Texas regulators will likely hold a meeting on 14 April to discuss curtailing the state's crude production in an effort to help balance the market in the wake of the crash in crude prices and a drop in demand because of the coronavirus pandemic.

Regulators are "working toward" a 14 April "open meeting" which would include producers who are in favor and against the move, economists, statisticians, regulators and other exports to discuss how it might be done, said Texas Railroad Commission member Ryan Sitton in an online presentation today.

If the commission and industry come up with "a recipe that looks good," it could happen fairly quickly, he said. Regulators could vote on implementing a production cut as soon as 21 April.

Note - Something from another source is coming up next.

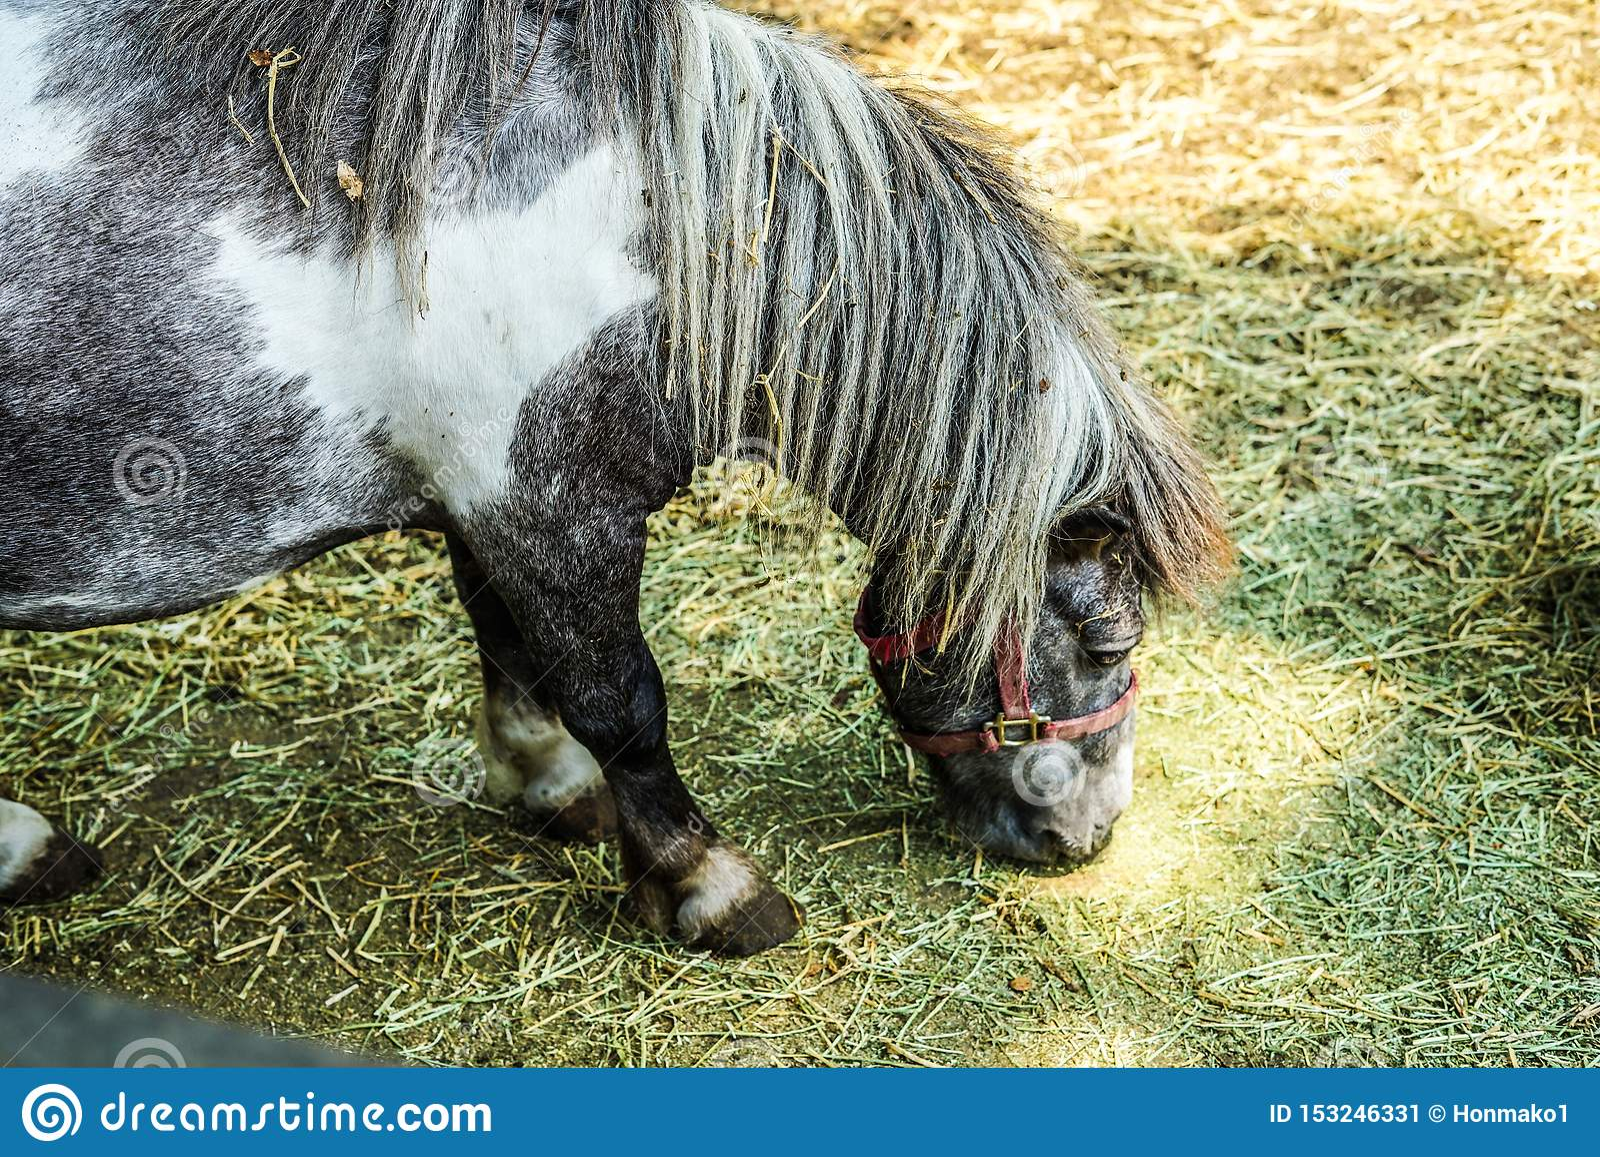 Ranch pony image

Such a move would be the first time Texas has limited production in decades.

Sitton presented new models which showed that the world is oversupplied by 18mn b/d of crude and will run out of storage in 72 days unless things change.

He also said that Texas has been having informal discussions with other states that are also considering limits in production. Sitton also floated the idea that pro-rationing could be tied to disaster declarations and would end once a crisis is over.

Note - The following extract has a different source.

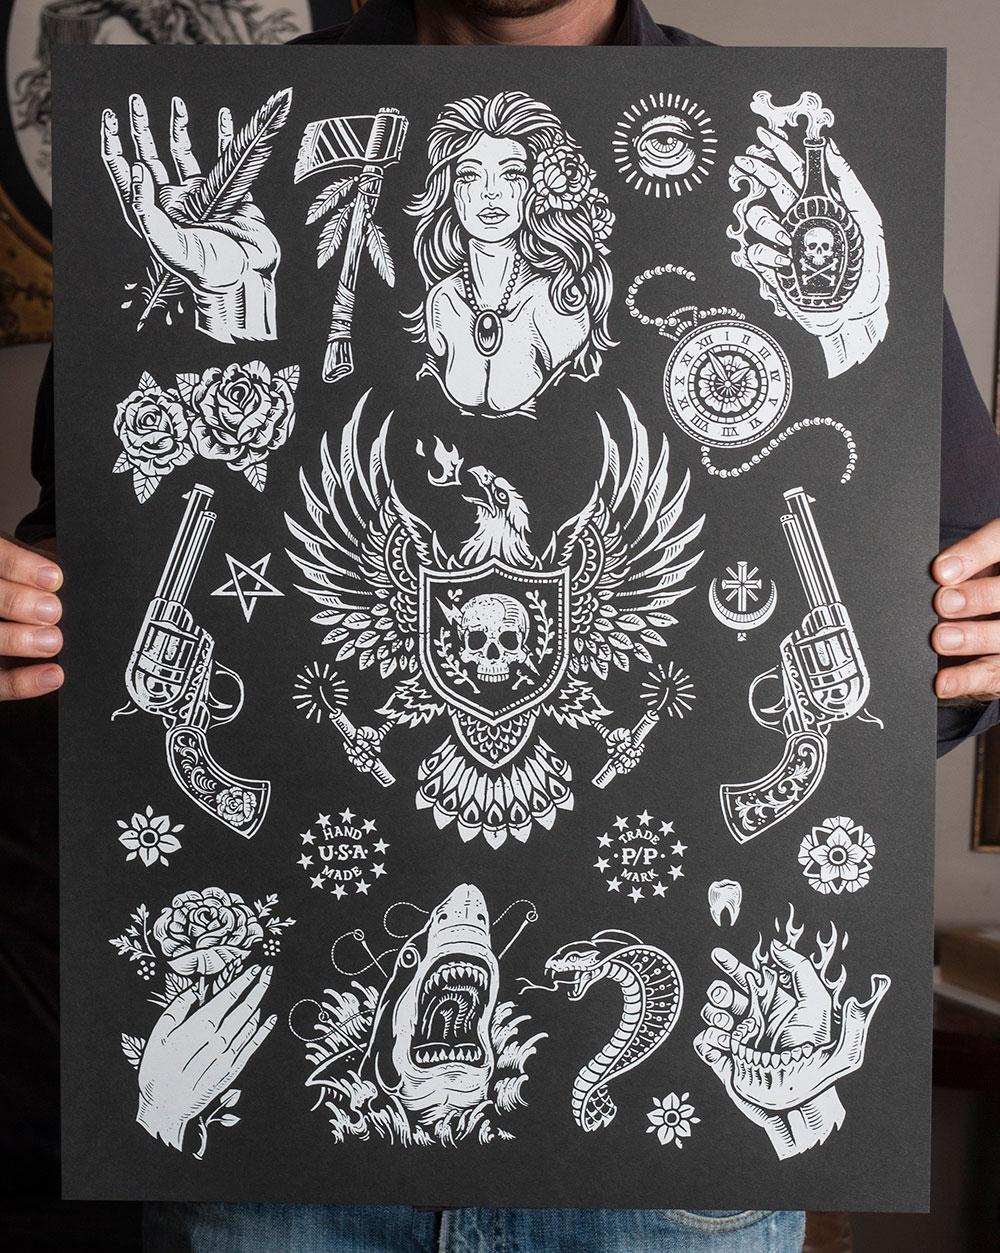 Free Tattoo Flash Designs To Print

Texas Railroad Commission chairman Wayne Christian said in an op-ed last week that any action taken by Texas "must be done in lockstep with other oil producing states and nations, ensuring that they cut production at similar times and in similar amounts."

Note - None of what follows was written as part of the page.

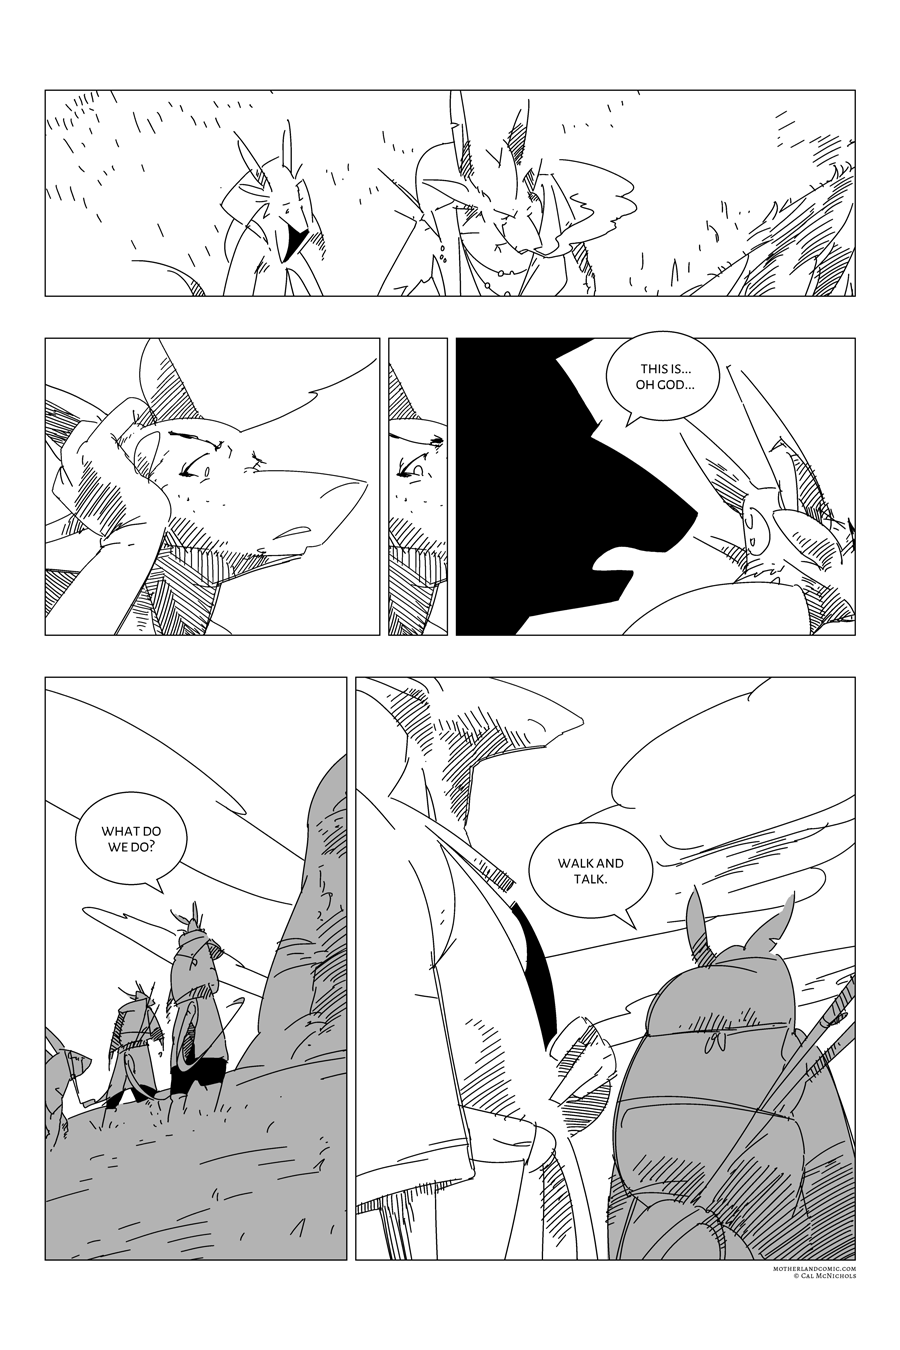 pg 84

Pioneer Natural Resources and Parsley Energy filed a motion earlier this week asking the commission for a hearing on possible production limits.

The companies said that oil marketers, such as Plains Marketing, and other purchasers have started requesting that suppliers take steps to reduce oil production in response to the coronavirus pandemic. Because of this, the ability of producers to sell oil for the month of May is becoming increasingly difficult. This massive oil glut will quickly overrun available storage capacity and drive down oil prices to shut-in levels, threatening investment, especially in Texas, they said.

Texas in 1928 began to use pro-rationing to restrict state oil output to stabilize markets and prices. But the commission dropped the approach decades ago and allowed the state's producers to decide when to drill, an approach that has enabled Texas production to increase to more than 5.3mn b/d at the end of last year.

Overall US crude inventories are starting to swell. US crude stocks rose by 13.8mn bl to 469.2mn bl last week, the Energy Information Administration (EIA) said today. It marked the tenth consecutive week of builds and was the largest weekly increase since October 2016.